Mix all the dry ingredients in a large bowl. Add 3 dl (1.3 cups) of warm water and olive oil. Knead thoroughly for at least 10 minutes. If using a mixer, eight minutes will be enough.
Reload the dough back to the bowl and cover it with a cover or plastic foil. Let it rest in the refrigerator for 12 to 24 hours. Make sure you have sprinkled the bowl with flour before reloading the dough.
When the dough has rested, allow it to get used to room temperature for about 30 minutes. Sprinkle the counter with flour, reload the dough and knead again. Grease the baking pan with olive oil, transfer the dough to the pan and let it rest for another 45 minutes while it's covered with a kitchen towel. Preheat the oven to 220 °C/428 F.
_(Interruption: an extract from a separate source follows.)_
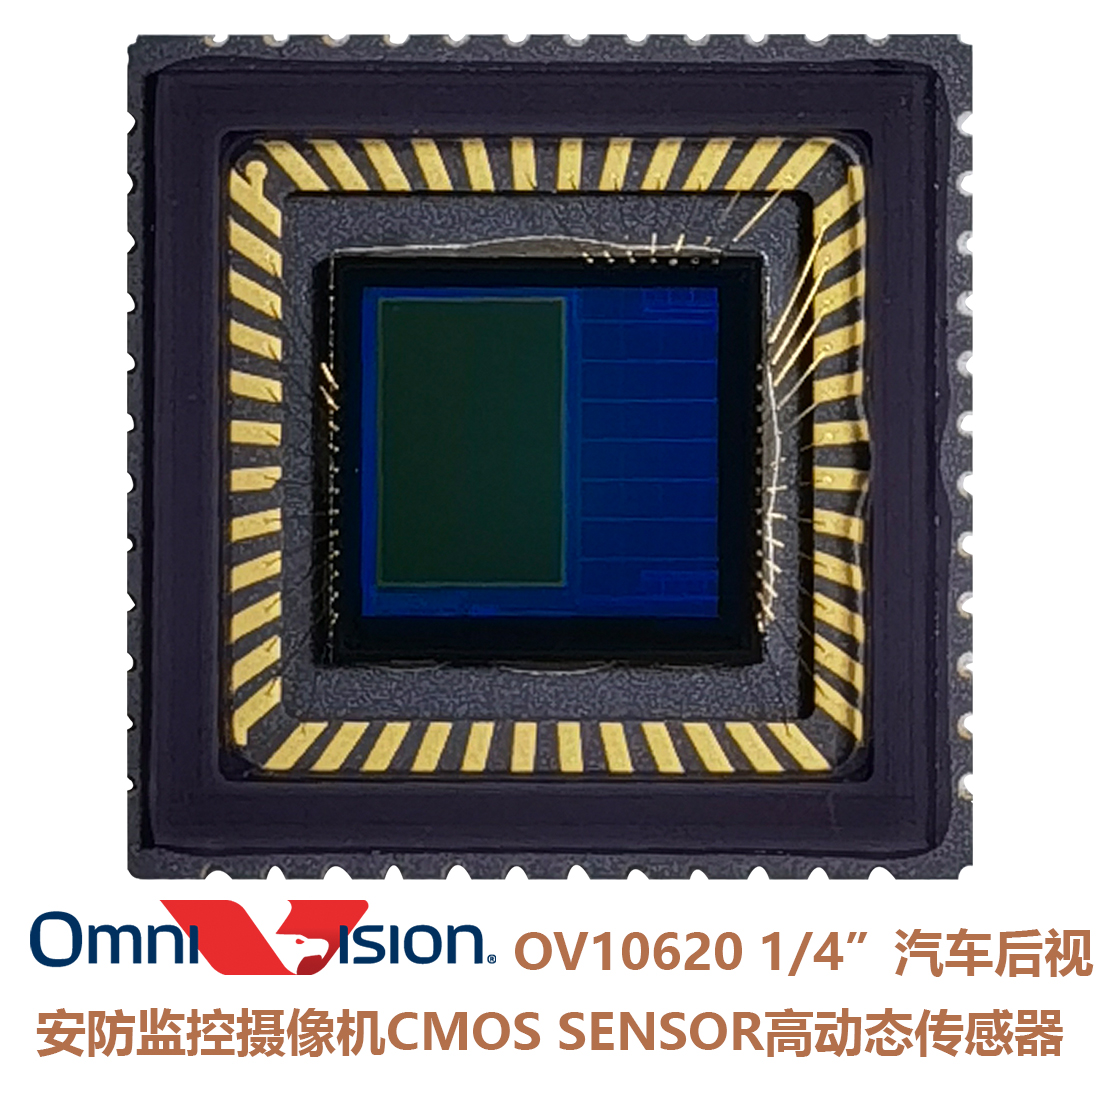 OV10620, 1000nm近红外光谱光敏度,彩色高动态范围(HDR), CMOS Camera Chip，汽车后视和安防监控摄像机图像传感器，768 x 492 (WVGA)图像阵列，6x6μm微米像素CMOS SENSOR,大像素点cmos sensor

When the dough has risen, use a cup of warm water to stick your fingers in it before making the wells on the top of the focaccia. Generously cover with olive oil and add pieces of sun-dried tomatoes, capers, dry rosemary and coarse salt.
Bake at 220 °C/428 F for 30 minutes. After first five minutes cover the focaccia with parchment paper to prevent sun dried tomatoes and capers form burning.
When baked, allow it to cool for at least 15 minutes. If you won't eat it at once, store it covered with a wrap when the focaccia has completely cooled down.